Detection Methods for CVE-2026-41481
Indicators of Compromise
- Outbound HTTP requests from application servers to cloud metadata endpoints (e.g., 169.254.169.254, metadata.google.internal)
- Unusual redirect chains in application logs where external URLs redirect to internal addresses
- Unexpected access to localhost or internal network addresses from web-facing applications
Detection Strategies
- Monitor network traffic for requests to cloud metadata service IP addresses originating from application servers
- Implement application-level logging for all URLs processed by HTMLHeaderTextSplitter.split_text_from_url()

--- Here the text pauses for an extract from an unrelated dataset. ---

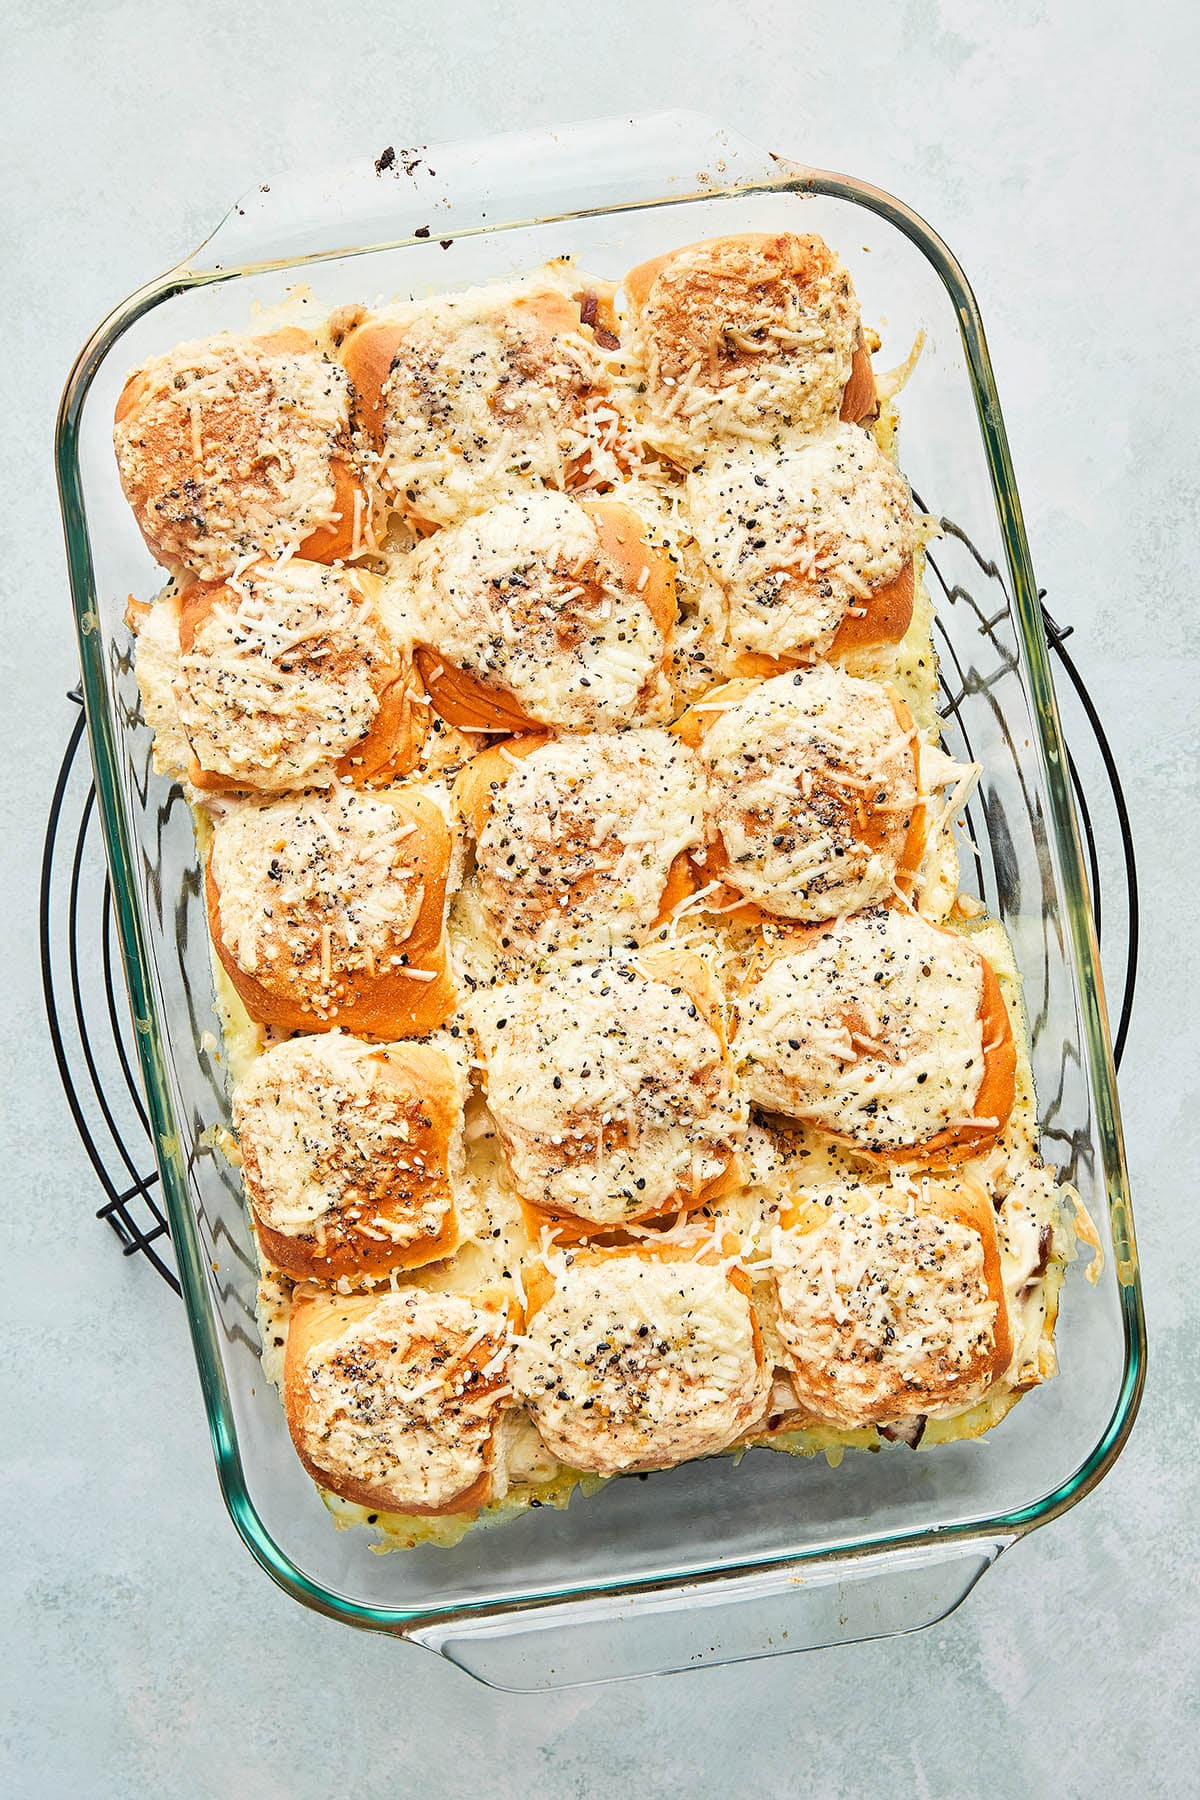 A rectangle baking dish of sweet Hawaiian roll sandwiches on a wire rack.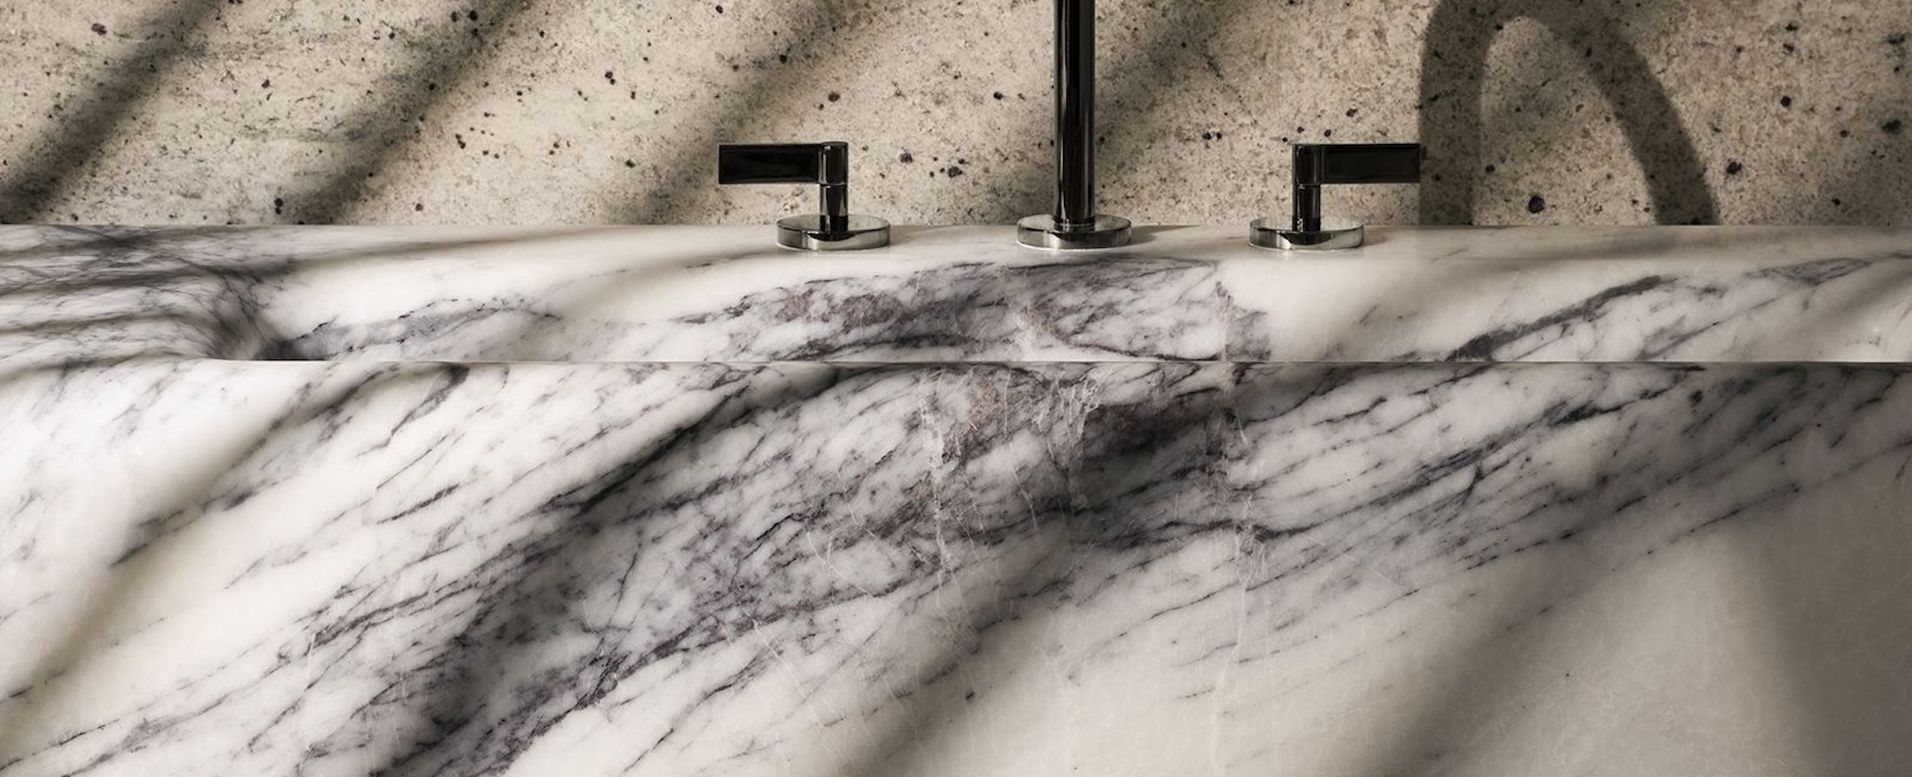 MAMO | Architectural Stone Surfaces® Banner image

- Review application logs for redirect chains that terminate at internal endpoints
- Deploy Web Application Firewall (WAF) rules to detect SSRF attack patterns
Monitoring Recommendations
- Enable detailed logging for HTTP client libraries to capture redirect chains
- Set up alerts for network connections to RFC 1918 addresses or link-local addresses from application containers
- Monitor for attempts to access cloud provider metadata URLs from application workloads
How to Mitigate CVE-2026-41481
Immediate Actions Required
- Upgrade langchain-text-splitters to version 1.1.2 or later immediately
- Audit applications using HTMLHeaderTextSplitter.split_text_from_url() for potential exposure of Document contents to untrusted users
- Implement network-level controls to block outbound requests to metadata service endpoints
- Review application logic to ensure Document objects are not directly exposed to requesters
Patch Information
The vulnerability is fixed in langchain-text-splitters version 1.1.2. Organizations should upgrade using their Python package manager. For detailed information about the fix, refer to the LangChain Security Advisory GHSA-fv5p-p927-qmxr.
Workarounds
- Disable redirect following by wrapping URL fetching with custom code that validates each redirect target
- Implement network segmentation to prevent application servers from accessing internal endpoints
- Use a proxy or egress filter that blocks requests to internal IP ranges and metadata endpoints
- Restrict URL inputs to a known allowlist of trusted domains where possible
# Upgrade langchain-text-splitters to patched version
pip install --upgrade langchain-text-splitters>=1.1.2
# Verify installed version
pip show langchain-text-splitters | grep Version
Disclaimer: This content was generated using AI. While we strive for accuracy, please verify critical information with official sources.